Segment Start: Supplied records
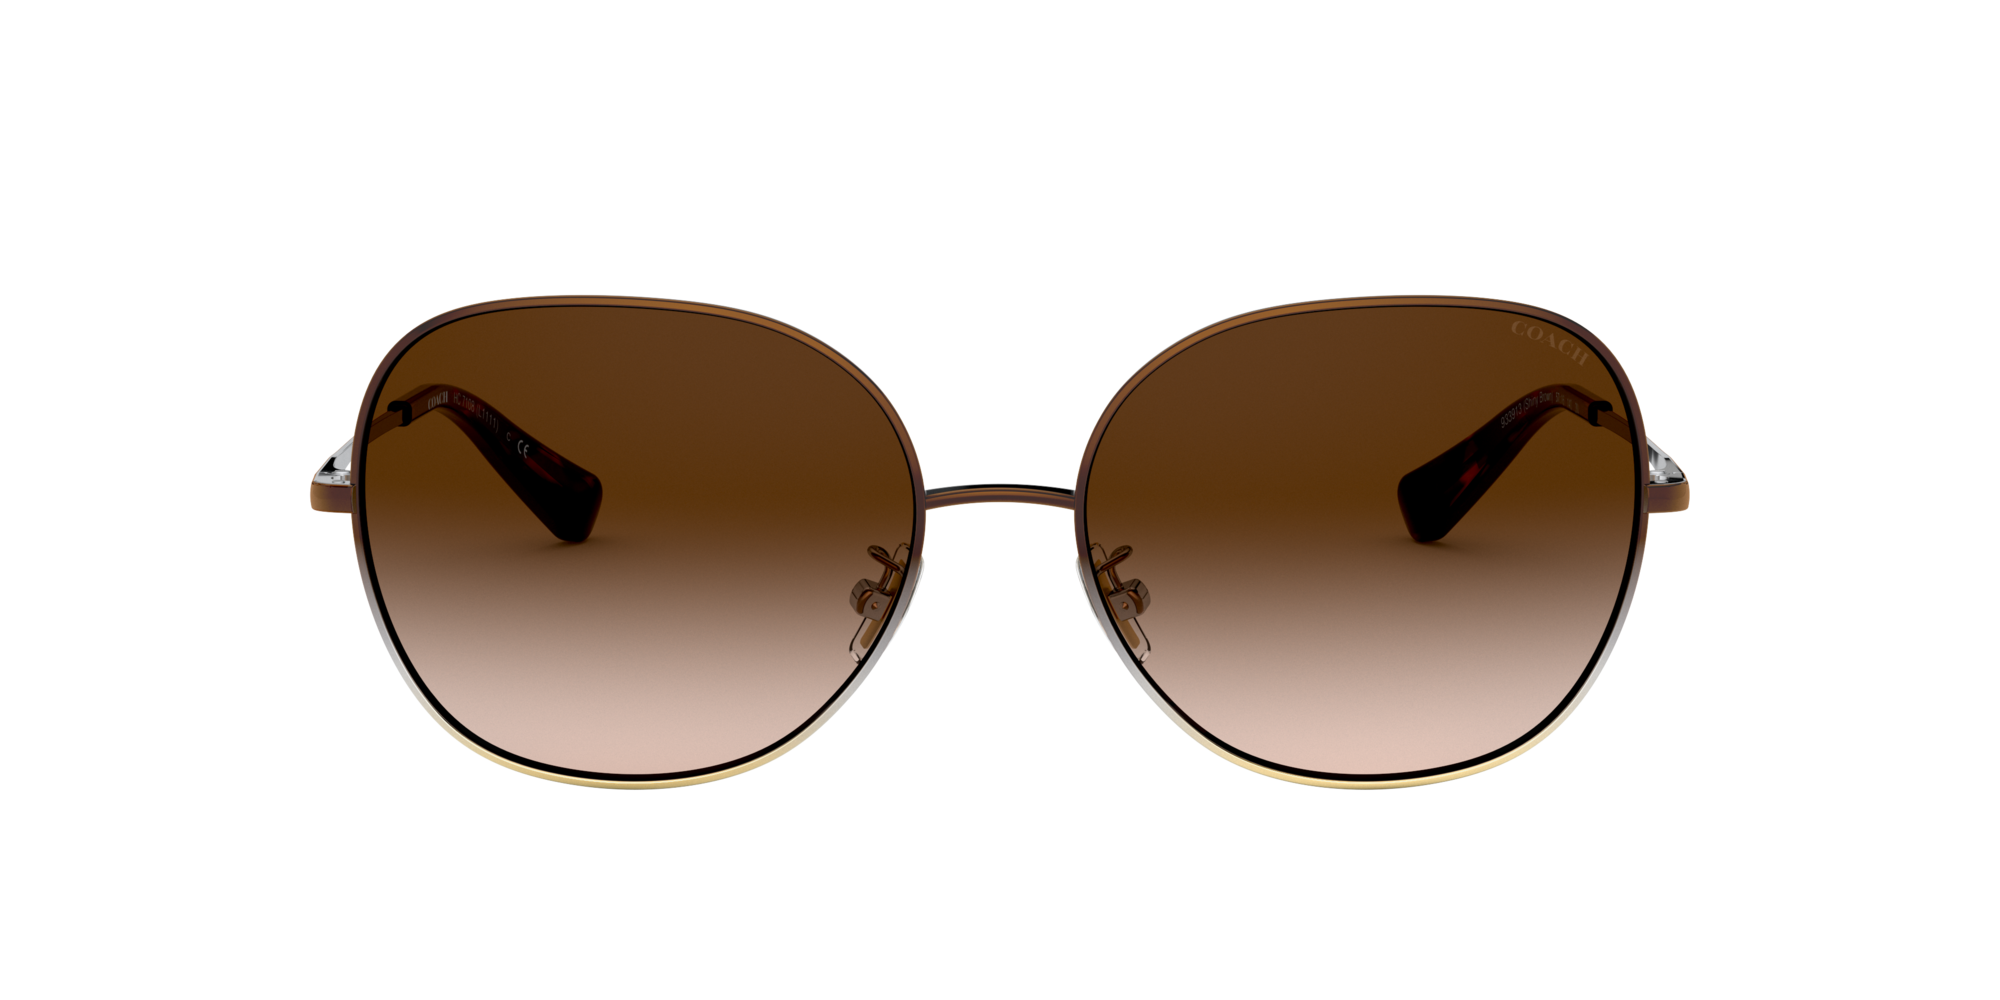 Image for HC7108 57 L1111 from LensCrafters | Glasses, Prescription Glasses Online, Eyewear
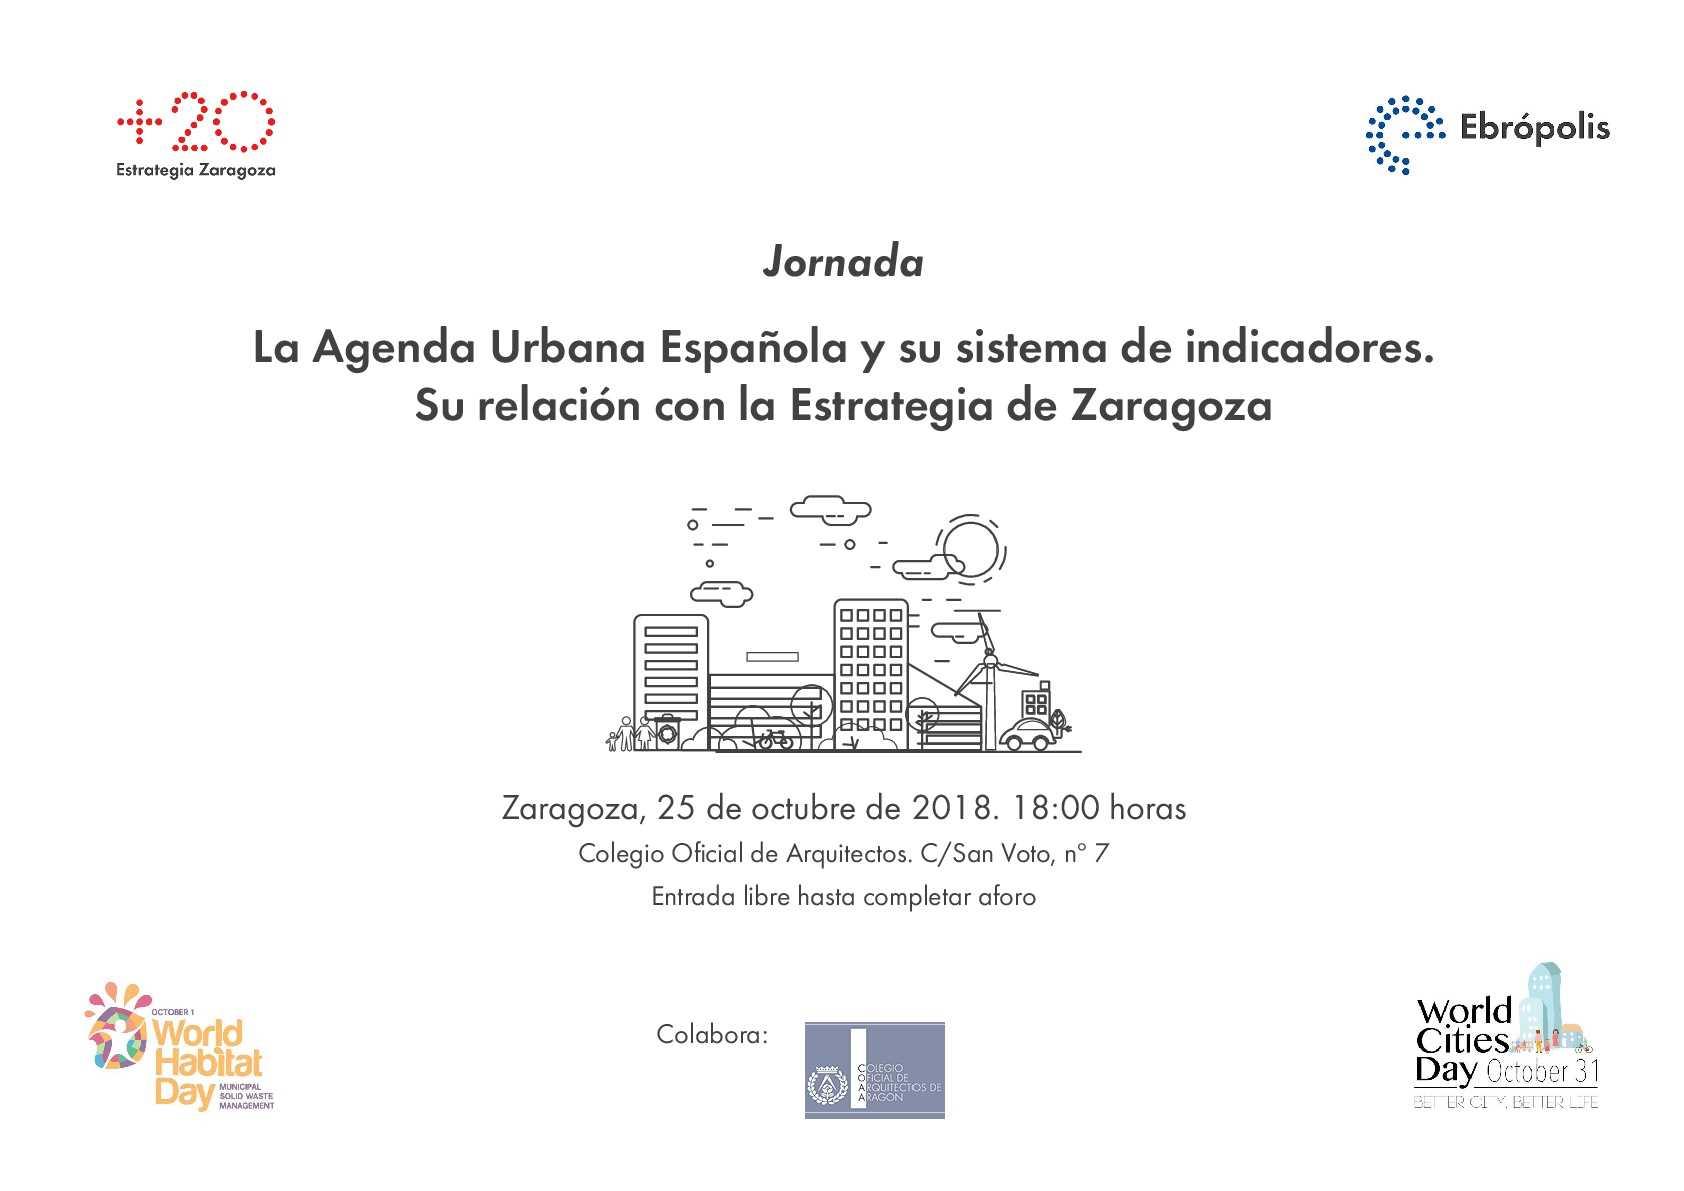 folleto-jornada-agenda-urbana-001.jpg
Segment End: Supplied records
Segment Start: Supplied records
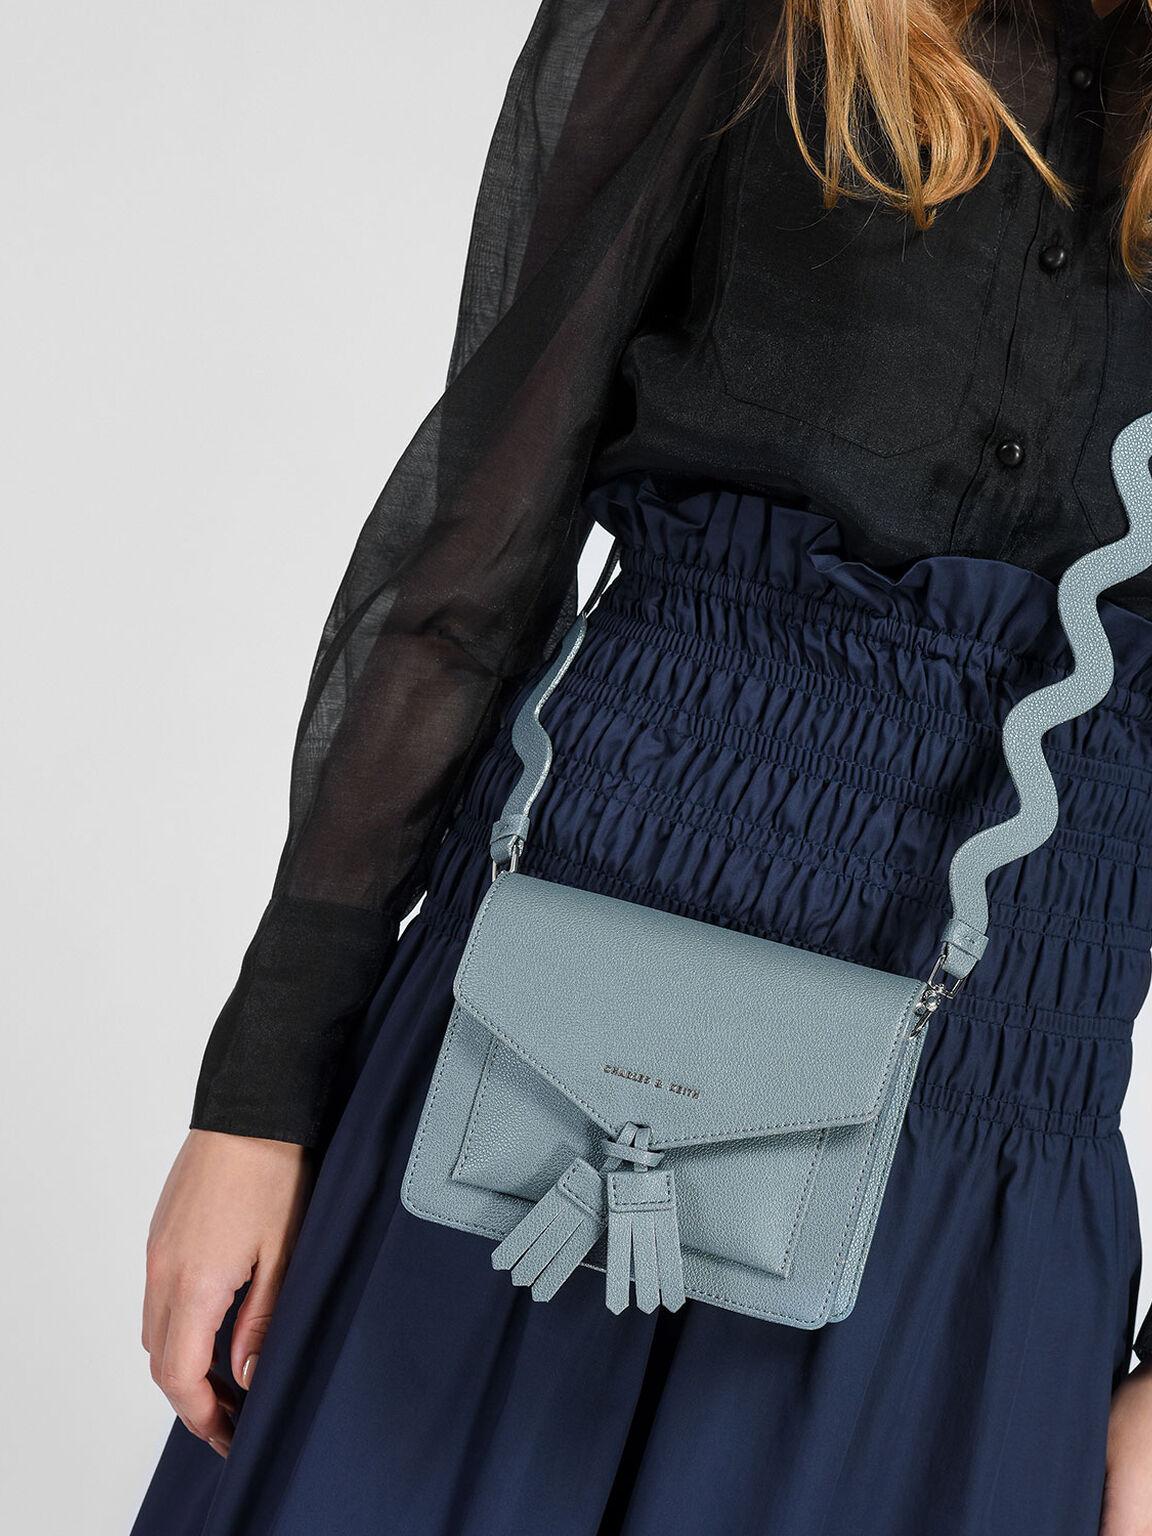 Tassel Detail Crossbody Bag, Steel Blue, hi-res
Segment End: Supplied records
Exercise directions:
Copy nothing but the lines above that run from the one with "Image for HC7108" to the one with "folleto-jornada-agenda-urbana-001.jpg", ends included; pictures stay out.

Solution to the exercise:
 Image for HC7108 57 L1111 from LensCrafters | Glasses, Prescription Glasses Online, Eyewear
 folleto-jornada-agenda-urbana-001.jpg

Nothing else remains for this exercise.